Member of the Provincial Assembly of the Punjab
- Incumbent
- Assumed office 23 February 2024
- Constituency: Faisalabad District
- In office 29 May 2013 – 32 May 2018
- Constituency: Faisalabad District
- In office 25 November 2002 – 17 November 2007
- Constituency: Faisalabad District

Personal details
- Born: 20 February 1970 (age 56) Samundri, Punjab, Pakistan
- Party: PML(Q) (2025-present)
- Other political affiliations: PMLN (2023-2025) PTI (2018-2022) IND (2018) PMLN (2013-2018) PML(Q) (2002–2008)

= Arif Mahmood Gill =

Pakistani politician (born 1970)

Punjab Assembly Lahore

Arif Mahmood Gill is a Pakistani politician who is an incumbent Member of the Provincial Assembly of the Punjab since February 2024. Previously he was a Member of the Provincial Assembly of the Punjab, from 2002 to 2007 and again from May 2013 to May 2018.

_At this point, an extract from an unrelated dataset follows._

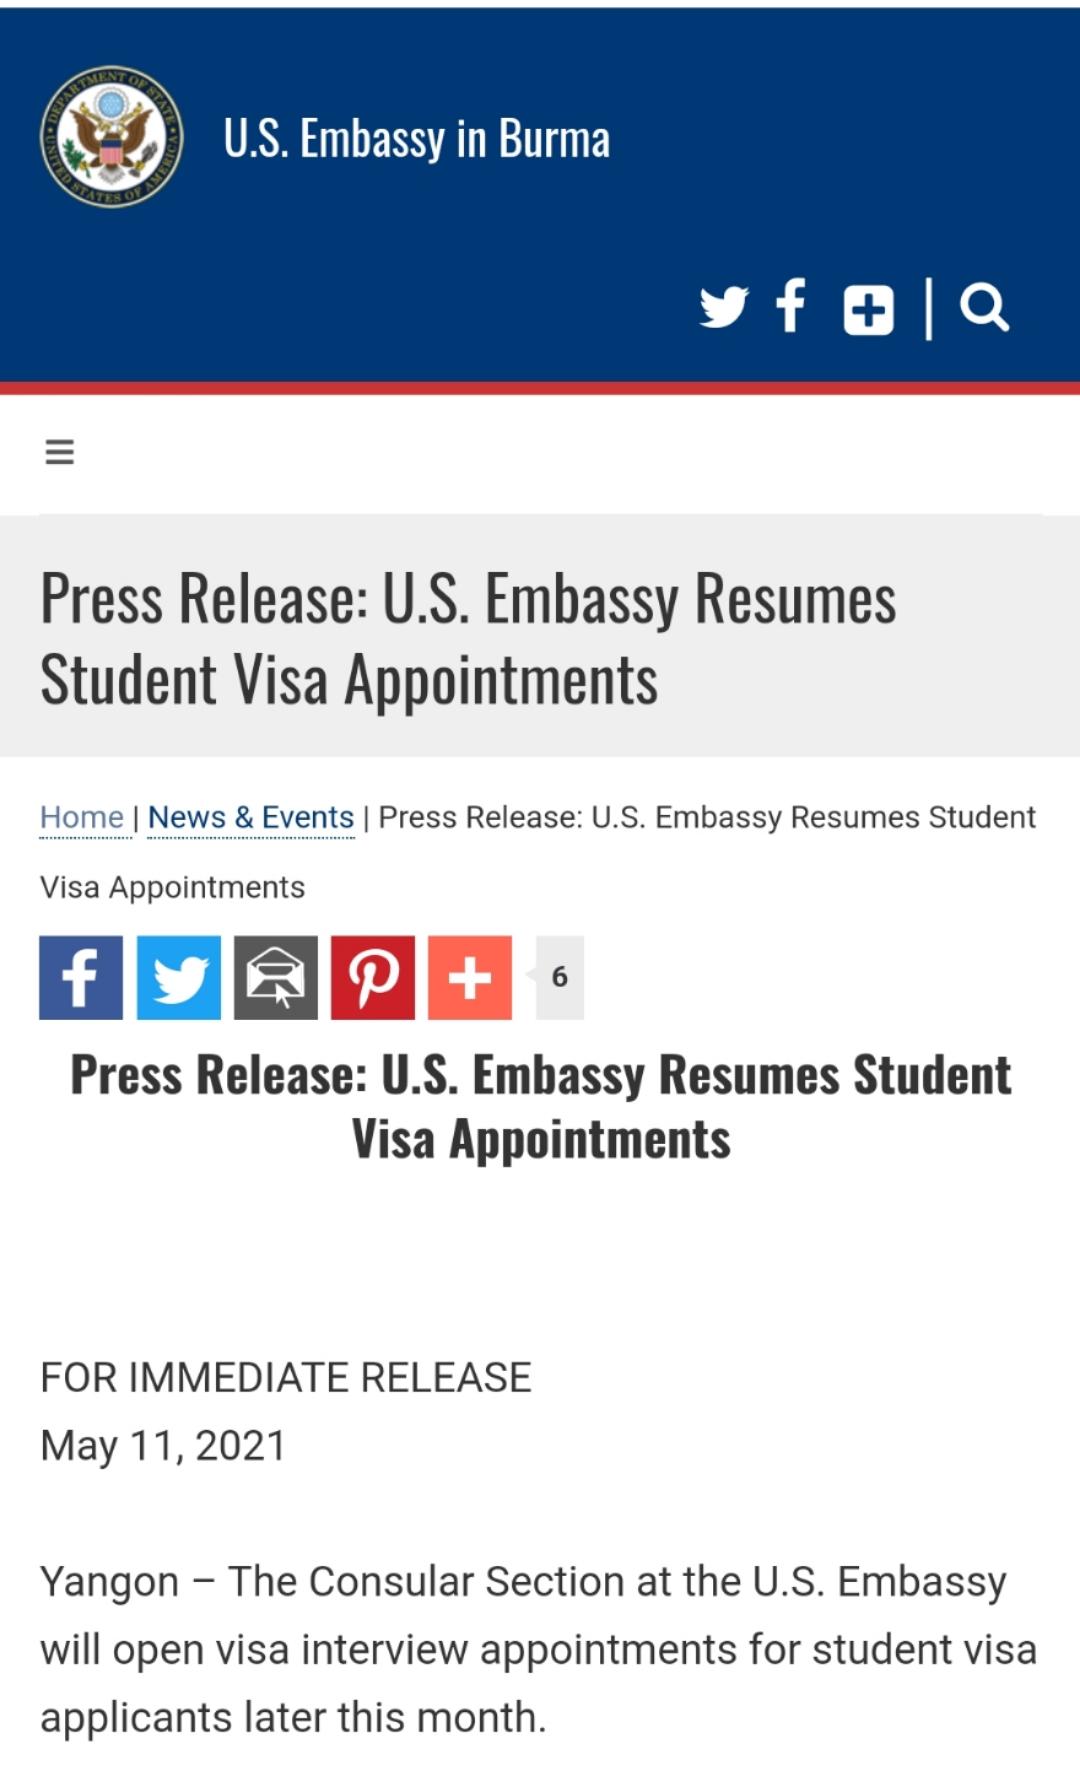 美国驻缅甸使馆重启留学签证申请

==Early life and education==
He was born on 20 February 1970 in Samundri.

He graduated from Bahauddin Zakariya University in 2002.

==Political career==
He was elected to the Provincial Assembly of the Punjab as a candidate of Pakistan Muslim League (Q) (PML-Q) from Constituency PP-59 (Faisalabad-IX) in the 2002 Pakistani general election. He received 24,457 votes and defeated Muhammad Tahir Chaudhry, a candidate of Pakistan Peoples Party (PPP).

He ran for the seat of the Provincial Assembly of the Punjab as a candidate of PML-Q from Constituency PP-59 (Faisalabad-IX) in the 2008 Pakistani general election, but was unsuccessful. He received 25,163 votes and lost the seat to Rana Muhammad Farooq Saeed Khan.

He was re-elected to the Provincial Assembly of the Punjab as a candidate of Pakistan Muslim League (N) (PML-N) from Constituency PP-59 (Faisalabad-IX) in the 2013 Pakistani general election. He received 48,397 votes and defeated Rana Muhammad Farooq Saeed Khan.

He ran for the seat of the Provincial Assembly of the Punjab as an independent candidate from Constituency PP-103 (Faisalabad-IX) in the 2018 Pakistani general election, but was unsuccessful. He received 26,501 votes and lost the seat to Hafiz Mumtaz Ahmad of PTI.

He was re-elected to the Provincial Assembly of the Punjab as a candidate of Pakistan Muslim League (N) (PML-N) from Constituency PP-104 (Faisalabad-IX) in the 2024 Pakistani general election. He received 45,933 votes and defeated Farooq Arshad of PTI.